Theokosmos | Eric Costa


Psalm 1

13 February 2008 | Bible · Pastoral | No Comments

Blessed is the man / who walks not in the counsel of the wicked, / nor stands in the way of sinners, / nor sits in the seat of scoffers; / but his delight is in the law of the LORD, / and on his law he meditates day and night.

He is like a tree / planted by streams of water / that yields its fruit in its season, / and its leaf does not wither. / In all that he does, he prospers. / The wicked are not so, / but are like chaff that the wind drives away.

Therefore the wicked will not stand in the judgment, / nor sinners in the congregation of the righteous; / for the LORD knows the way of the righteous, / but the way of the wicked will perish. [Psalm 1]

Many preachers use Psalm 1 to try to get people to read their Bibles. “Be like the prosperous man who delights in the law of the LORD,” they say. “Don’t be like the wicked who will perish,” they say. But this Psalm uses no prescriptive language whatsoever. There are no imperatives, no commands. Psalm 1 is entirely descriptive. That fact alone ought to give us pause when we go to use it like a hammer and chisel to sculpt religious behavior.

What is being described here? The life of those called “righteous” in contrast with those called “wicked.” What is the main difference between the righteous and the wicked?

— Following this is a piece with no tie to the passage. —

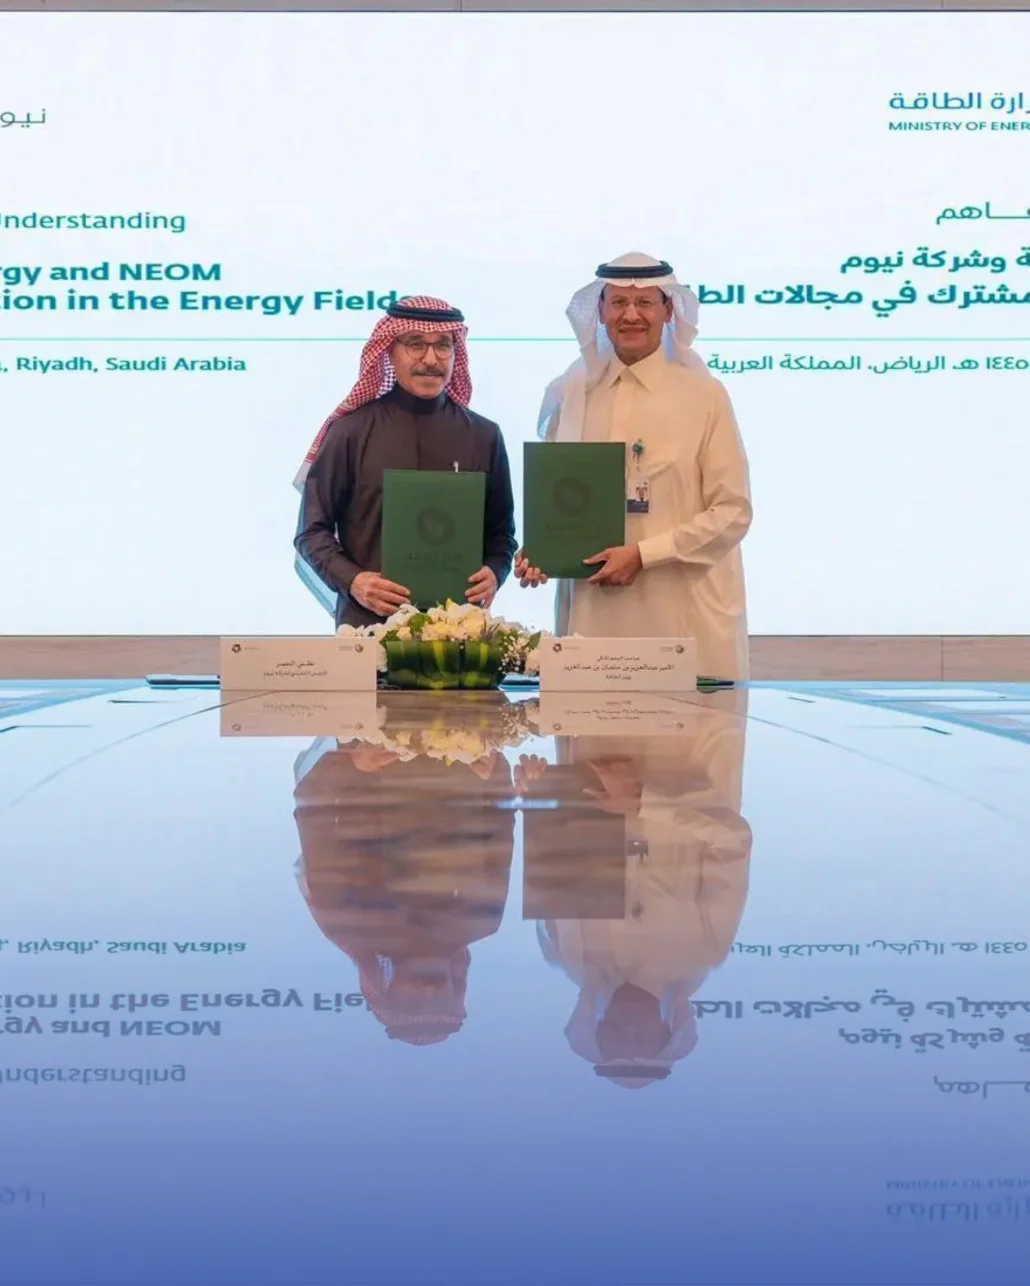 وقّع المذكرة، وزير الطاقة الأمير عبدالعزيز بن سلمان بن عبدالعزيز مع الرئيس التنفيذي لشركة نيوم المهندس نظمي النصر

Is it the object of their delight? Is it the fruit of their labors? Is it the eternal destiny of their souls? No, the first thing that makes the righteous differ from the wicked is that the righteous are “blessed.” The starting point of the “way of the righteous” is the blessing of God.

Literally speaking, there is only one person who thoroughly fulfills Psalm 1, whose delight is fully in the law of the LORD, who never walked in the counsel of the wicked, whose works always prosper, who is in himself “the way, the truth and the life” of the righteous. This is encouraging, because if I look at Psalm 1, then look just at myself, then look back and forth a few more times, I begin to wonder whether I can truly consider myself among the congregation of the righteous. But if I look to Jesus Christ with faith as the one who fulfilled Psalm 1 for me, then in him I have the full assurance of the benefits mentioned in the Psalm.

So Psalm 1 stands as a signpost at the beginning of “the little Bible” (Luther), the “epitome of the whole Scriptures” (Athanasius). The signpost reads, “All who enter here and delight have been made to do so by grace through faith in Jesus Christ.”